Но сестра Мэри больше не отвечала на ее вопросы. Старуха повернулась к ней спиной, и Сэм поняла, что отведенное ей время истекло. Она открыла дверь и побежала по коридору в сторону пожарной лестницы. Спустилась по металлическим ступенькам, на ходу, в спешке, набирая номер мобильного телефона Фреда.
– Фред? Это Сэм. Я немного опоздаю. Сможешь как-то прикрыть меня? – Она запрыгнула в свою машину. – И еще. Не мог бы ты просмотреть все газетные вырезки, касающиеся отца Китти? Да, той самой знаменитой телеведущей. Я тебе объясню причину, когда приеду в редакцию.
Закончив разговор с коллегой, она сразу же позвонила, чтобы проверить, все ли в порядке у Наны и Эммы.
– С нами все хорошо, милая. А как твои дела? Ты уехала необычно рано сегодня. – Голос Наны звучал так, словно она только что проснулась.
– У меня тоже все прекрасно. Есть одна просьба к тебе. Не могла бы ты проверить, есть ли в архиве деда другие письма от той девушки, Айви. Ну, ты понимаешь. Как то, которое ты читала прошлым вечером. – В трубке воцарилась тишина. – Нана? Ты слышишь меня?
– Да, слышу, – ответила Нана, а потом Сэм услышала, как из соседней комнаты ее настойчиво зовет к себе Эмма.
– Извини, что напрягаю тебя своей просьбой. Знаю, ты занята, но прошу проверить немедленно. Это очень важно.
Сэм действительно почувствовала вину из-за того, что вынуждала Нану исполнять свои просьбы, одновременно справляясь с капризами Эммы. Но оставалось всего два дня до полного сноса бывшего здания Святой Маргариты, а если по этому материалу можно написать хорошую статью, чтобы ее заметили и оценили, то получалось, что она работала в интересах всех членов своей семьи. Нане было необходимо снова получить квартиру в свое распоряжение. Освободить ее от неудобств и необходимости ухаживать за внучкой и правнучкой Сэм могла, только начав зарабатывать гораздо больше, начав полностью обеспечивать себя и Эмму.
Пока она смотрела на часы, панически опасаясь реакции Маррея, если он заметит ее отсутствие, до нее донесся звук шагов вернувшейся в гостиную и снова взявшей трубку Наны, а затем скрип кресла, в которое та тяжело опустилась.

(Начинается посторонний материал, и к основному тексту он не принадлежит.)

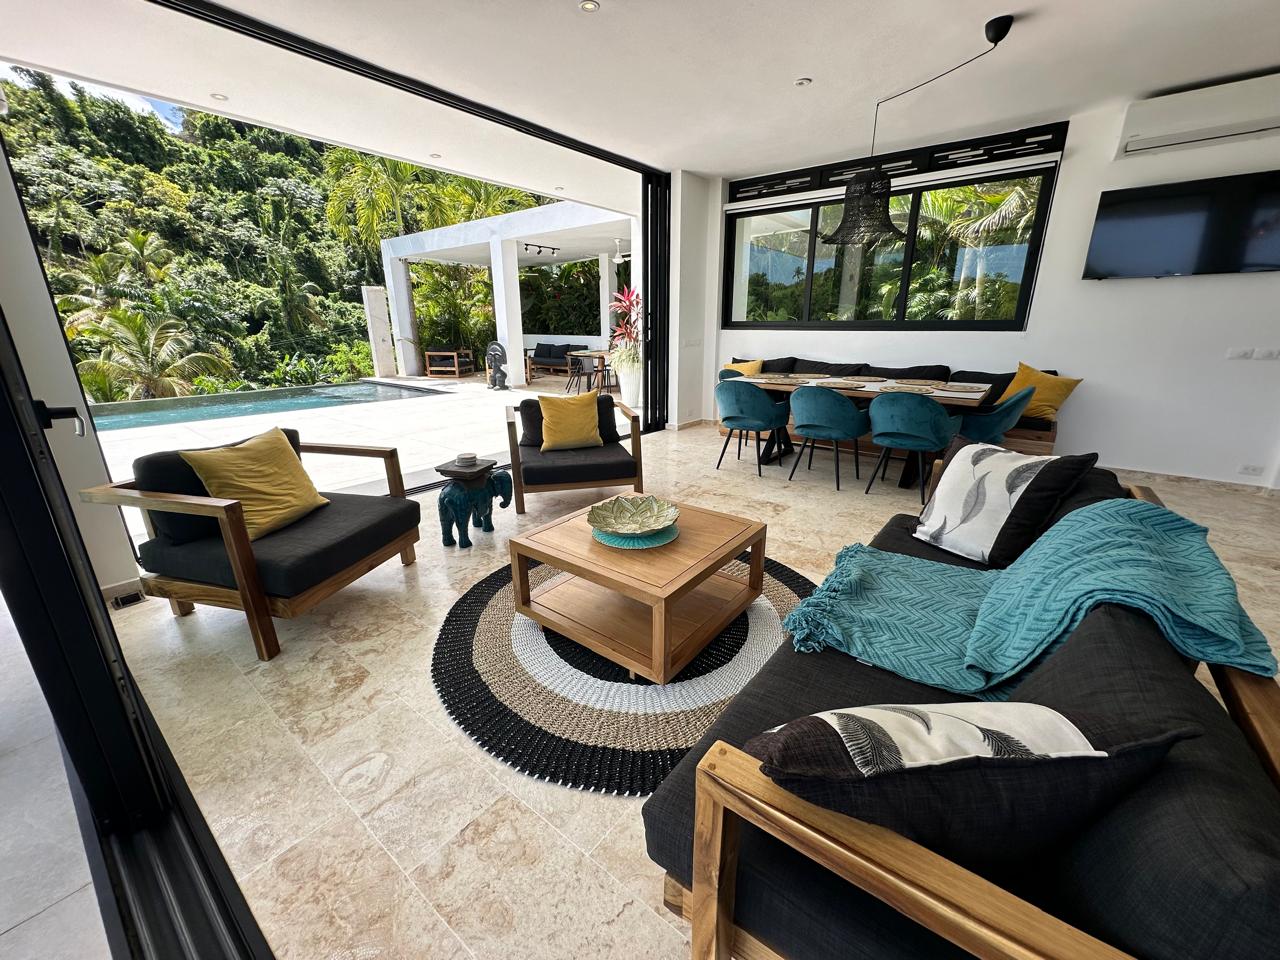 Splendid 4-bedroom villa with ocean vista - Las Terrenas Real Estate - Ocean Edge Dominican Republic (22)
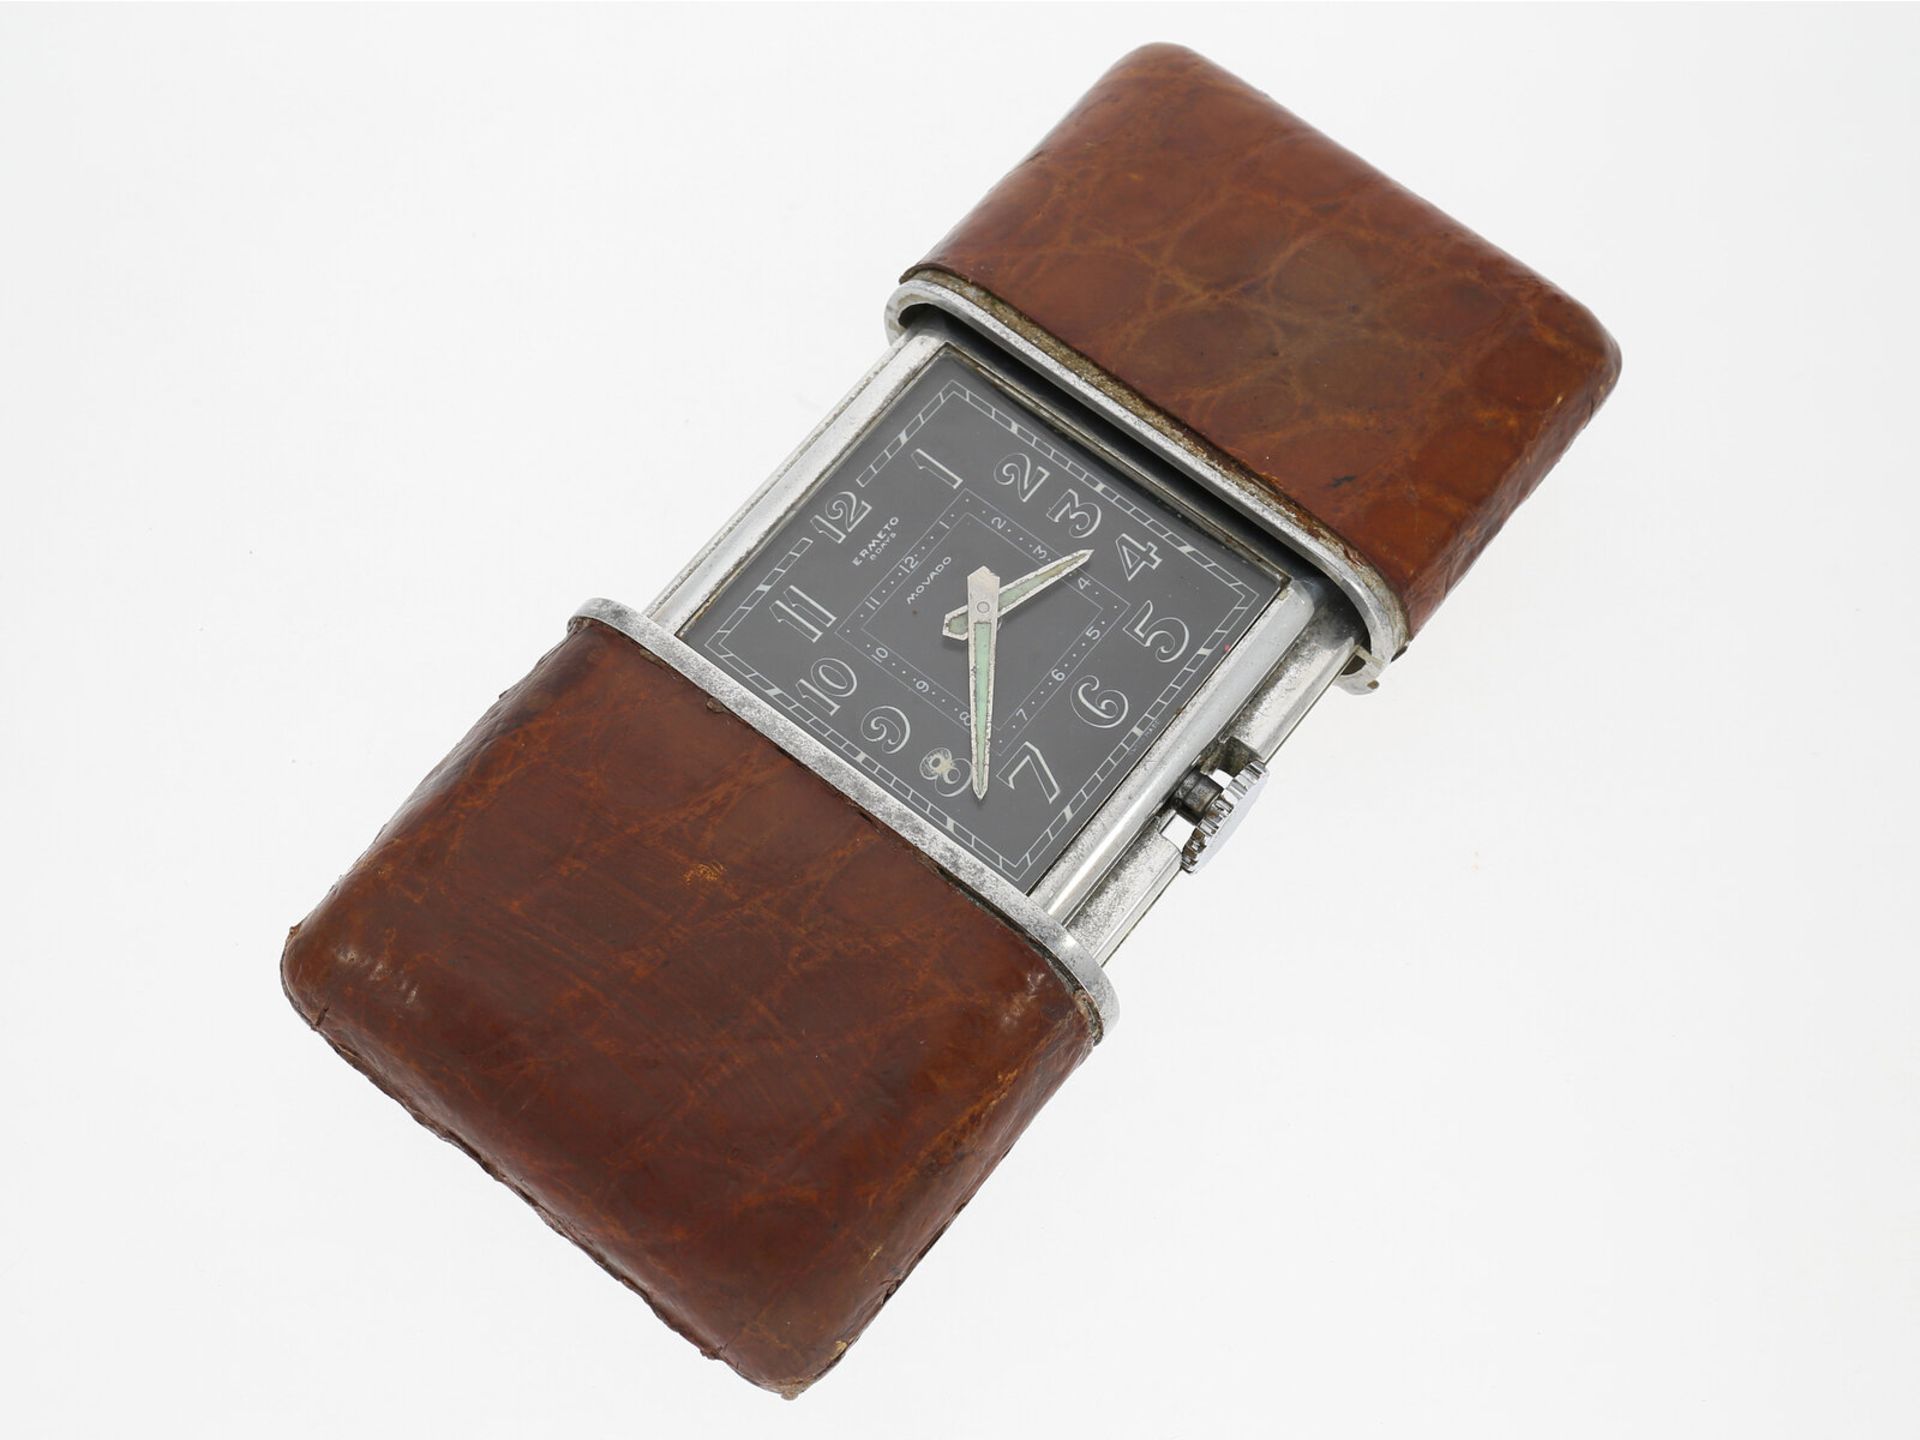 Reisewecker: seltene vintage Reiseuhr mit 8-Tage-Werk, Chronometer Ermeto Jumbo, Movado, um 1930 - Bild 2 aus 4

– Почему тебя так заинтересовали эти письма? – спросила Нана.
– А кого бы они не заинтересовали? Трагедия несчастной девушки.
– Ты же не собираешься использовать их в своей работе, я надеюсь?
Сэм сначала немного растерялась. Никогда прежде ей не приходилось лгать Нане. Но ведь она в самом деле не собиралась использовать письма в работе напрямую. Она опирается на них в своем расследования, используя для определенных целей.
– Нет. Просто меня заинтересовали обстоятельства ее жизни.
– Чьей жизни?
– Девушки, написавшей письма, – ответила Сэм, а Нана чуть откашлялась и начала читать ей вслух.
16 декабря 1956 года, воскресенье
Айви выждала момент, когда могла быть уверена, что все уснули, а потом достала из-под своей подушки шариковую ручку и сложенный лист бумаги, который сумела незаметно унести вечером из библиотеки, где обычно писались все письма.
Ее собственный блокнот, привезенный с собой, так и остался лежать в чемодане, отобранном матерью Карлин, когда она только приехала, но по воскресеньям им все же давали возможность перед молитвой писать короткие письма домой. Содержание всех писем подвергалось тщательной цензуре, а потом их еще и проверяла сама лично мать Карлин. Далее письма забирала Патришия, чтобы вручить водителю грузовика, который развозил белье, выстиранное и выглаженное в прачечной. Патришия, веснушчатая девушка с волосами мышиного цвета, в столовой сидела рядом с Айви и рассказывала ей, что при упоминании о Святой Маргарите разрешалось лишь описывать доброту монахинь и выражать глубочайшую благодарность им. После долгих уговоров Айви добилась согласия Патришии подсовывать в общую почту ее, не прошедшие проверку, письма. На радостях Айви незаметно пожала ей под столом руку, слушая громкие команды сестры Фейт немедленно покинуть столовую, хотя они почти не успели ничего съесть.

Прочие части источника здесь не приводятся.